Glória a Ti, Trindade profunda,
Pai, Filho, Espírito Santo: sempre te adoremos,
Enquanto o astro do tempo iluminar o mundo
E até depois de os séculos terminarem o seu curso.

JEAN RACINE

segunda-feira, 12 de fevereiro de 2024

12 de Fevereiro - As obras das tuas mãos



Grande é o nosso Deus, grande é o seu poder
e a sua Sabedoria é infinita.
Louvai-o, ó céus!
Louvai -o, Sol, Lua e planetas,
na língua que vos foi dada
para louvar o vosso Criador.

E também tu, minh'alma, canta,
canta o mais que puderes a honra do Senhor.

Dele e para Ele são todas as coisas,
mesmo as que ainda nos são desconhecidas
e as que já conhecemos.

A Ele Louvor, Honra e Glória
pelos séculos dos séculos.


JOHANNES KEPLER (1567-1622)

domingo, 11 de fevereiro de 2024

11 de Fevereiro - Oração de Arrependimento



Senhor do meu amor, a quem em vassalagem
O teu mérito tão fortemente meus deveres subjugou,
Envio-te estas linhas em penhor
Dos meus deveres e não para exibir o meu espírito:
Deveres tão grandes, que ao meu espírito estéril
Custa encontrar as palavras que os possam enfeitar;
Mas espero no teu coração que algum traço hábil
As enriqueça, cobrindo-lhe a nudez.
Quando, para me guiar, brilhar o astro, seja qual for,
Tocando-me com sua graça, embelezará meus traços,
E, vestindo em grande estilo meu amor em farrapos,
Com um serviço tão doce me mostrará
Como te amo. Então, ousarei proclamá-lo;
Mas, antes, evitarás, temendo ser provado.

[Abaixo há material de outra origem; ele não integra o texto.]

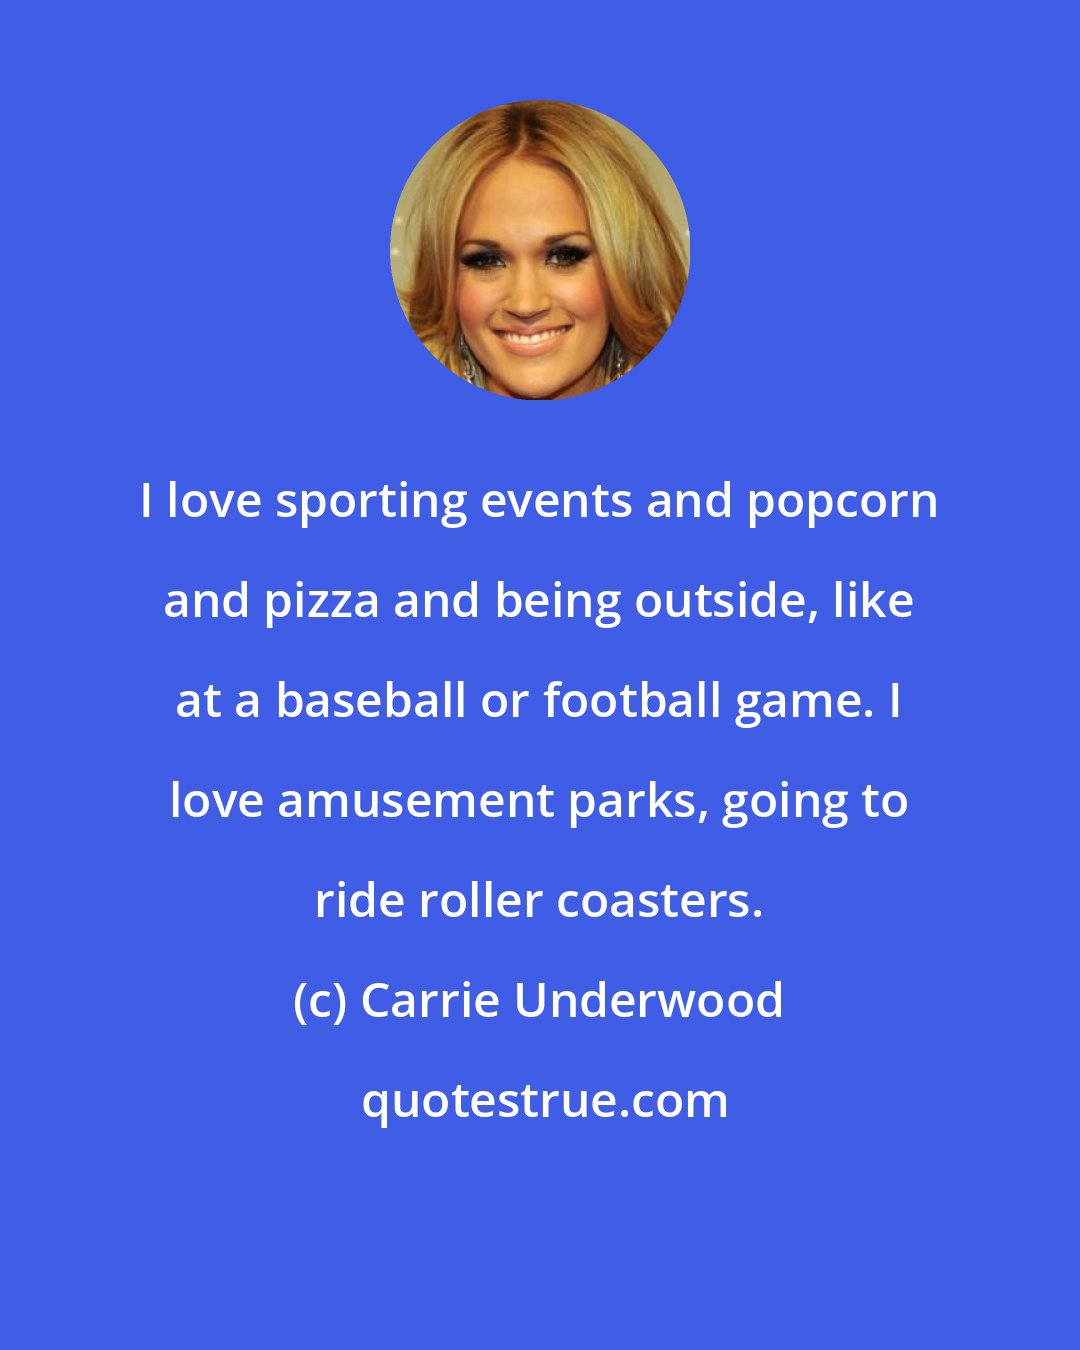 Carrie Underwood: I love sporting events and popcorn and pizza and being outside, like at a baseball or football game. I love amusement parks, going to ride roller coasters.

WILLlAM SHAKESPEARE (1564-1616)

sábado, 10 de fevereiro de 2024

10 de Fevereiro - Oração da alma



Meus são os céus e minha a terra,
E meus são os povos;
Os justos são meus e meus os pecadores;
Os anjos são meus,
E a Mãe de Deus e todas as criaturas são minhas,
E o próprio Deus é meu e para mim,
Porque Cristo é meu e todo inteiro para mim.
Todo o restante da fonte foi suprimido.